The streaming example is not really new but it has been significantly reworked. While the in-memory representation offered by C++/Tree is quite convenient, it may not be usable if the XML documents to be parsed or serialized are too big to fit into memory. There is, however, a way to still use C++/Tree which boils down to performing partially in-memory XML processing by only having a portion of the object model in memory at any given time. With this approach we can process parts of the document as they become available as well as handle documents that are too large to fit into memory all at once.

The parsing part in this example is handled by a stream-oriented DOM parser implementation that is built on top of the Xerces-C++ SAX2 parser in the progressive parsing mode. This parser allows us to parse an XML document as a series of DOM fragments which are then converted to object model fragments. Similarly, the serialization part is handled by a stream-oriented DOM serializer implementation that allows us to serialize an XML Document as a series of object model fragments.

Improvements in the file-per-type mode

With the introduction of the file-per-type mode in XSD 3.1.0 people started trying to compile very “hairy” (for the lack of a better word) schemas. Such schemas contain files that are not legal by themselves (lacking some include or import directories) and that have include/import cycles. Some of these schemas also contain a large number of files that are spread over a multi-level directory hierarchy.

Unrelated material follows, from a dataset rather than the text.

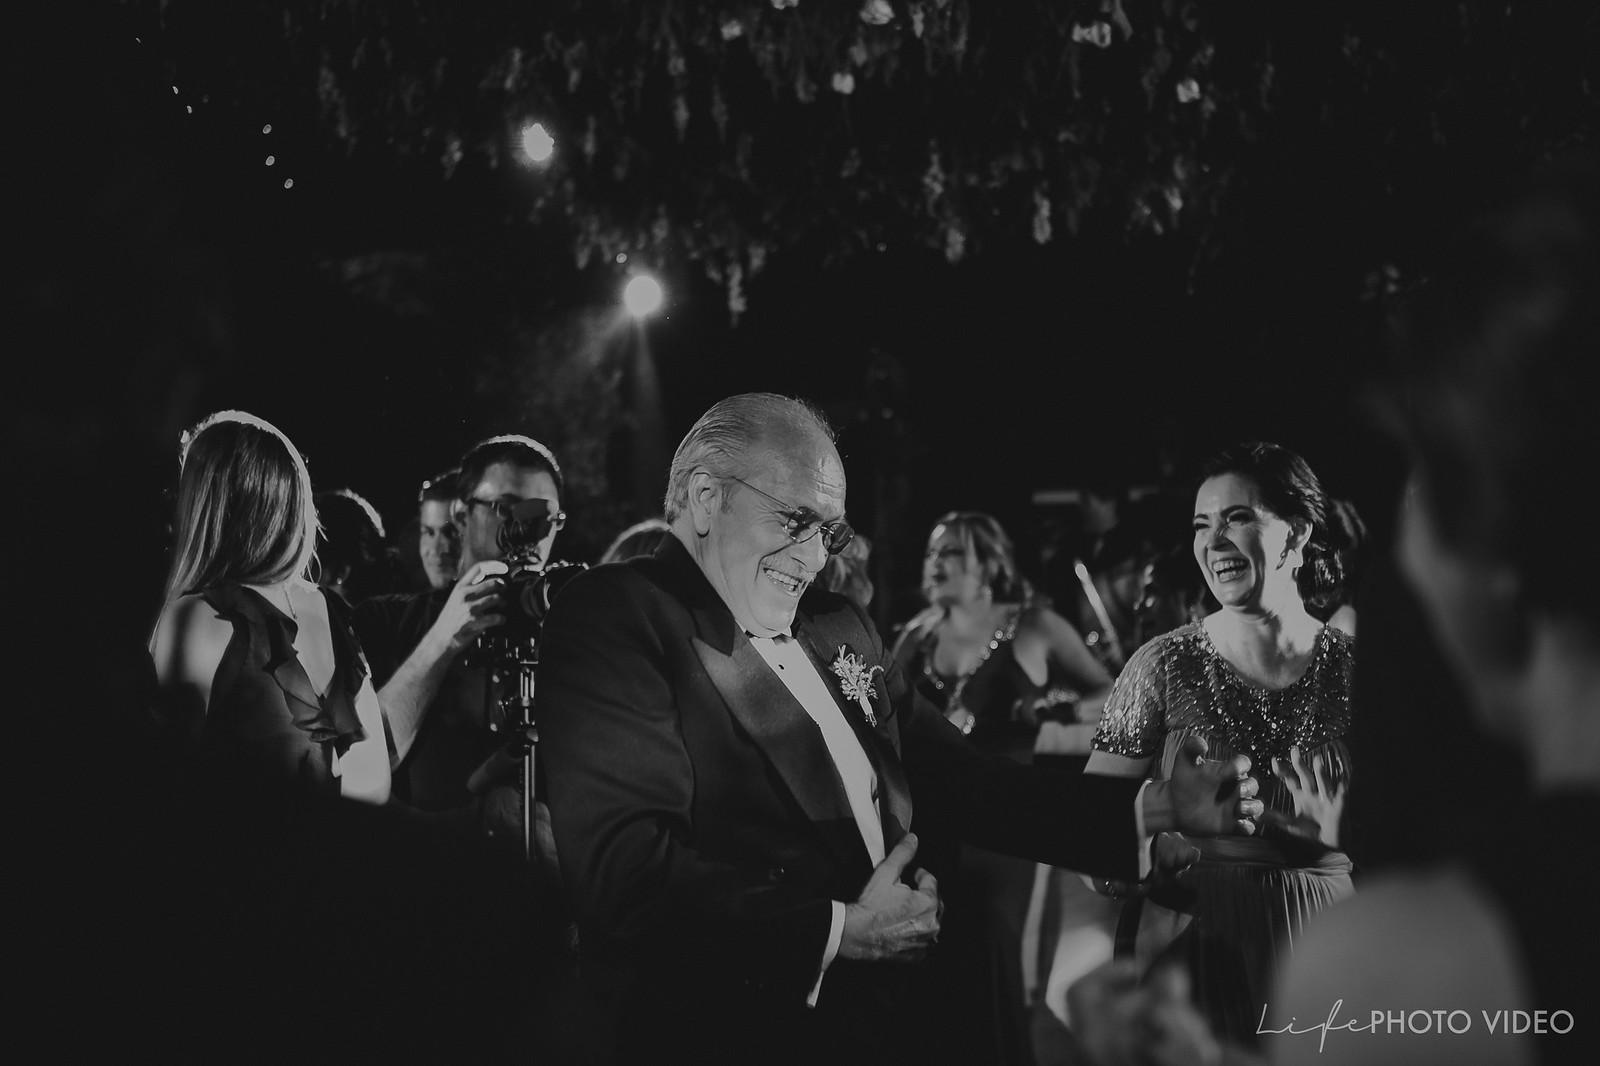 LifePhotoVideo_Boda_Guanajuato_Wedding_0066

This uncovered the following problem with the file-per-type mode. In this mode the compiler generates a set of C++ source files for each schema type. It also generates C++ files corresponding to each schema file that simply includes the header files corresponding to the types defined in this schema. All these files are generated into the same directory. While the compiler automatically resolves conflicts between the generated type files, it assumed that the schema files would be unique. This proved not to be the case — there are schemas that contain identically named files in different sub-directories.

Working on the fix for this problem made us think that some people might actually prefer to place the generated code for such schemas into sub-directories that model the original schema hierarchy. In order to support this scenario we have added the --schema-file-regex option which, together with the existing --type-file-regex, can be used to place the generated files into subdirectories. For an example that shows how to do this, see the GML 3.2.1 section on the GML Wiki page.